## DATASET EXCERPT
========================================

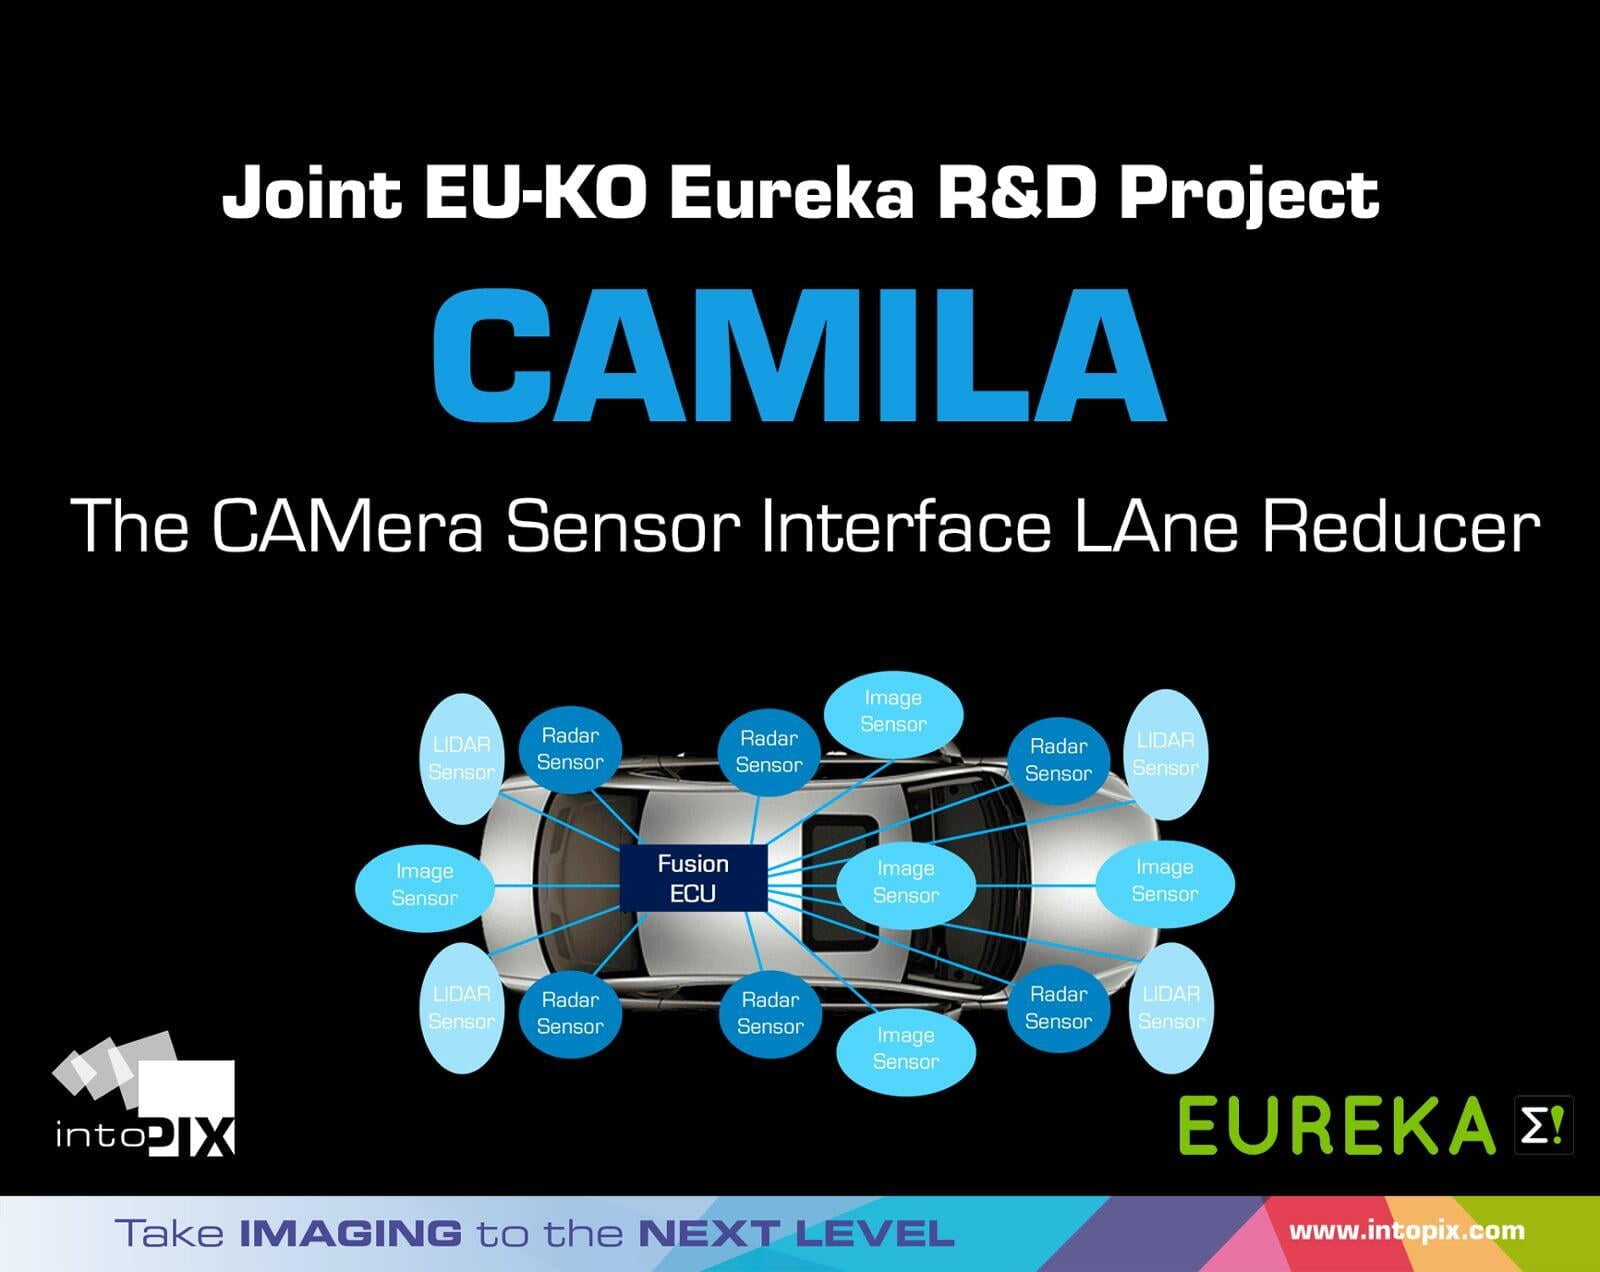 intoPIX dirige le nouveau projet de recherche CAMILA (CAMera Sensor Interface LAne Reducer).
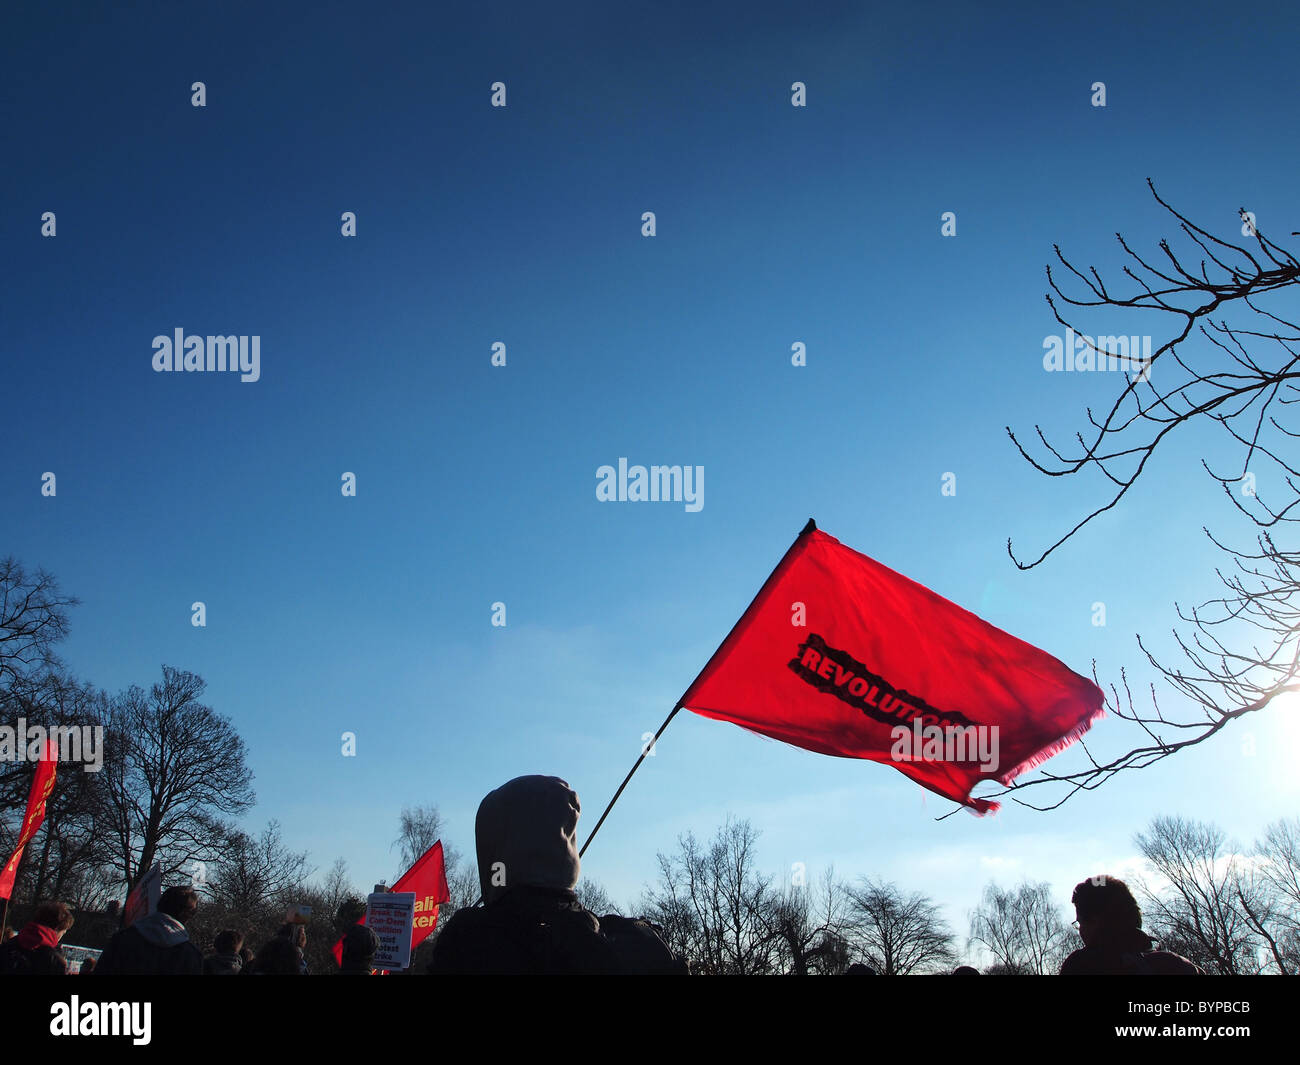 Fotocamere digitali Olympus immagine di studente manifestanti con la bandiera della rivoluzione in Manchester Regno Unito contro le tasse di iscrizione sorge Foto Stock
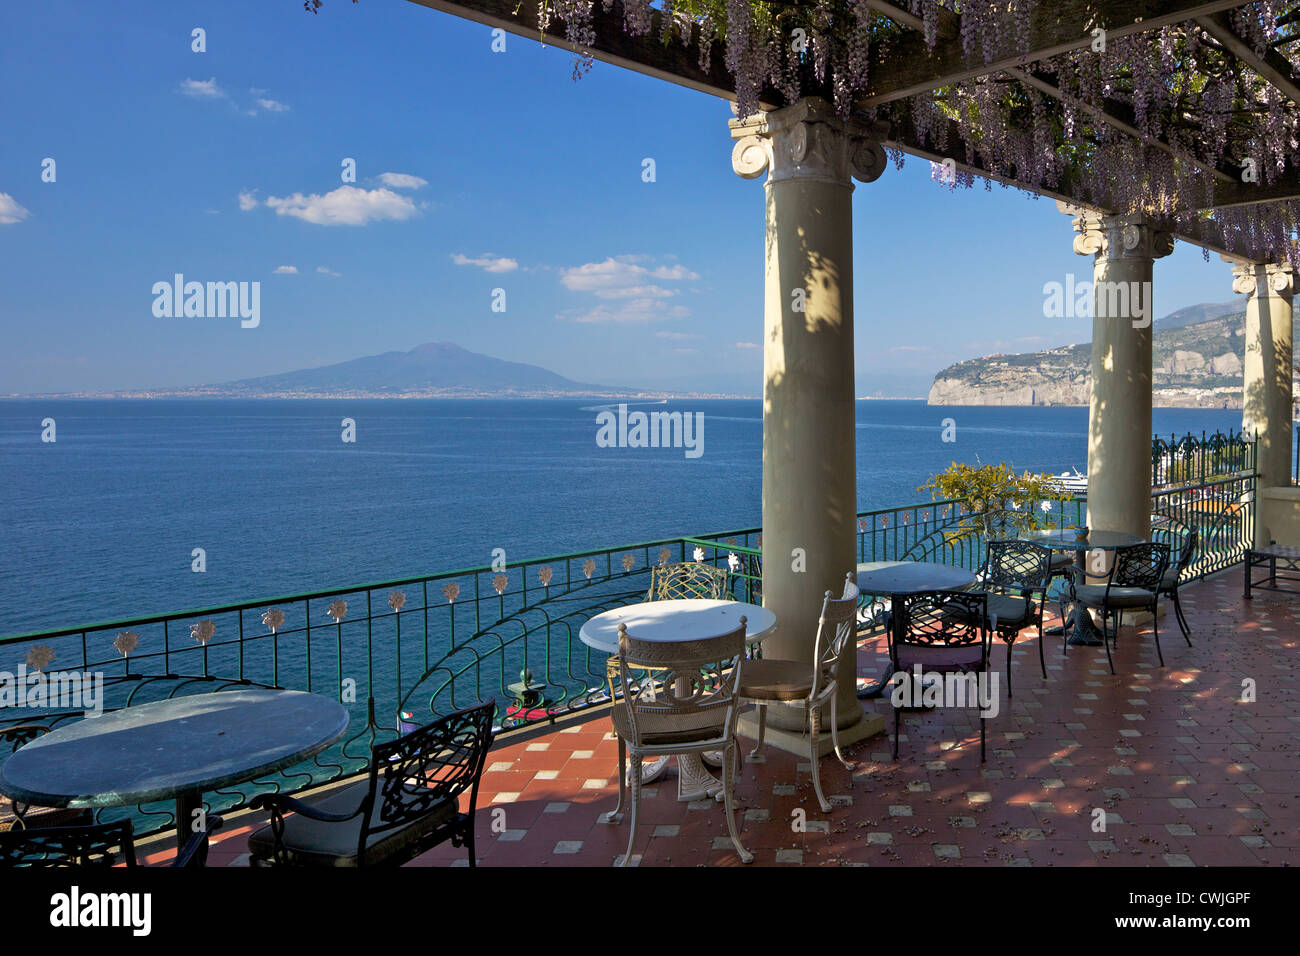 Terrazza con vista sul Vesuvio e sul golfo di Napoli presso l'Hotel Bellevue Syrene a Sorrento, Riviera Napoletana, Campania, Italia Foto Stock

========================================

## WHAT YOU NEED TO DO
Please copy the data shown above word for word, omitting the pictures.

## OUTPUT BELOW
 intoPIX dirige le nouveau projet de recherche CAMILA (CAMera Sensor Interface LAne Reducer).
 Fotocamere digitali Olympus immagine di studente manifestanti con la bandiera della rivoluzione in Manchester Regno Unito contro le tasse di iscrizione sorge Foto Stock
 Terrazza con vista sul Vesuvio e sul golfo di Napoli presso l'Hotel Bellevue Syrene a Sorrento, Riviera Napoletana, Campania, Italia Foto Stock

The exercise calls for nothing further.